Thursday, December 30, 2010

Filling the sandbox

When it comes to designing a game setting I've always wondered how much to put in one area. How many dungeons should be a days ride from The Constipated Hobbit Inn? How many ancient alien complexes should be a short jump away from that Class K space station? There seen to be different approaches to question, with some gamers cramming lots of hot-spots into a map, with others spreading them out over a larger area.

The former style is clearly at work in the late Dave Hargrave's legendary (notorious?) Arduin campaign setting. Take a look at this map from one of the grimoires and you'll see that despite being just a small corner of the world it's bursting with dungeons.

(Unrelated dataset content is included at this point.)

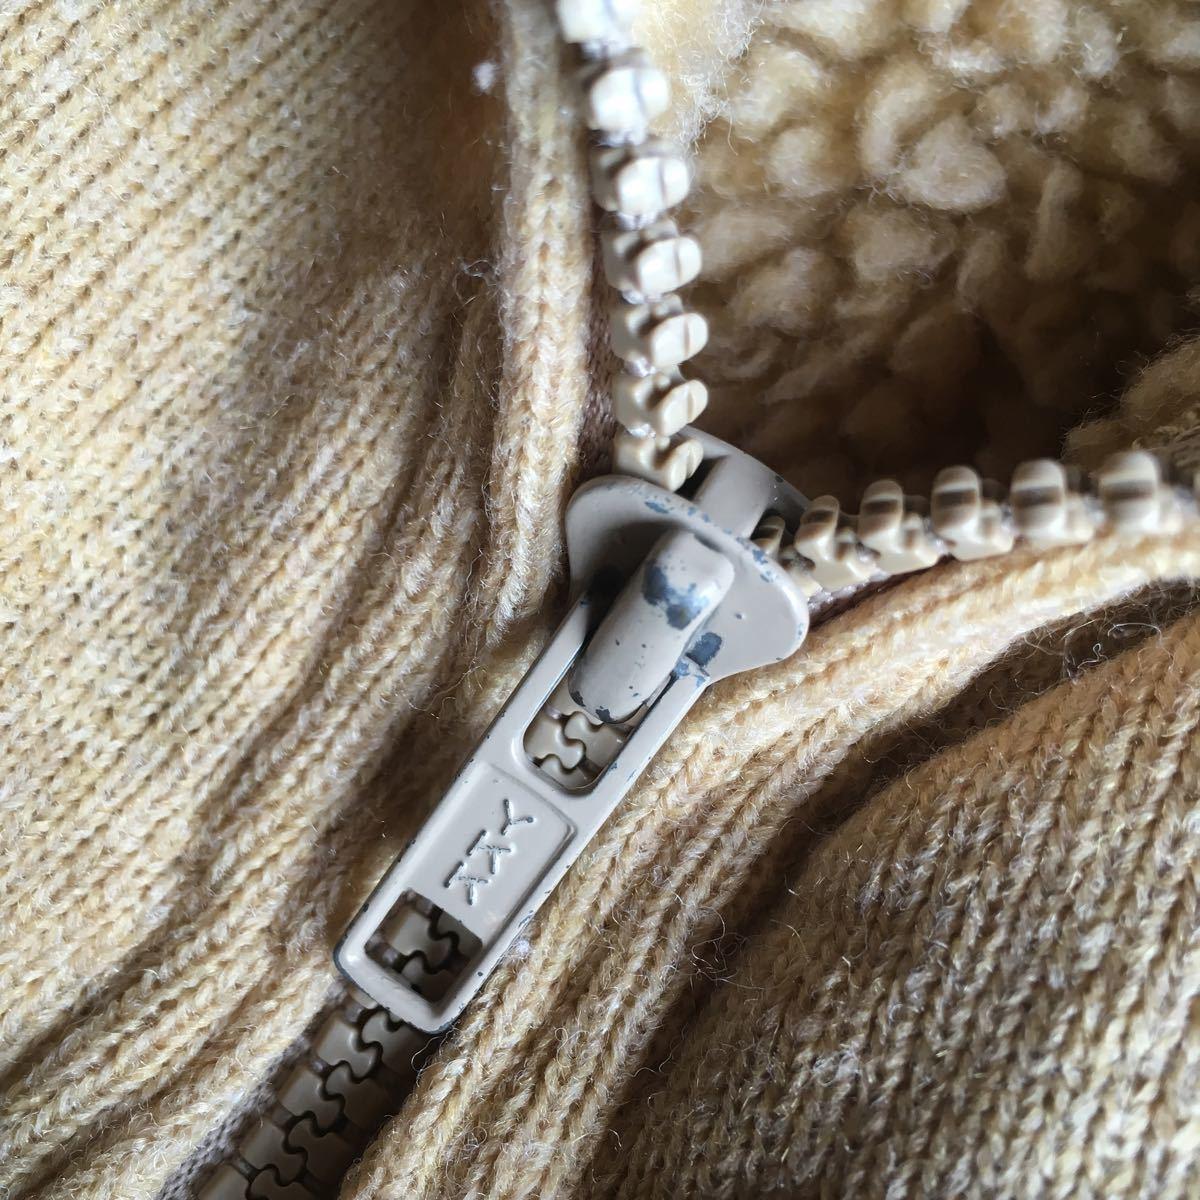 70s patagonia 白タグ パイル プルオーバー ジャケット ビンテージ オリジナル デカタグ vintage YKK / レトロ mars シュイナード サーフ_画像6

In fact, all of the published Arduin dungeons are on that map. They're all within spitting distance of one another. A somewhat similar approach is evident in Jeff Rients' excellent comedic Encounter Critical module, Asteroid 1618. Jeff mapped out the Vanth sub-sector of space Traveller fashion.  Along with the planet Vanth it includes Gamma (Gamma World), the spaceship Warden (Metamorphosis Alpha), Orezius (Uresia), Mythika (Mazes & Minotaurs) and more.

Even given that this is something of a tongue-in-cheek game, that's a lot of adventure locales in one small sub-sector.

The other approach is the one taken by the Judge's Guild in their classic Wilderlands of High Fantasy setting. This involved maps covering near-continental swaths of land and the dungeons and adventure modules that were published to tie into it were spread out over vast distances. A similar approach seems to be evident in Christopher B.'s Dark World, where you have a large area mapped out where the dungeons will be spread around.

So which approach do you use? Do you put all the interesting thing within easy reach of each other? Do you disperse them, placing them far apart and setting the stage for epic voyages?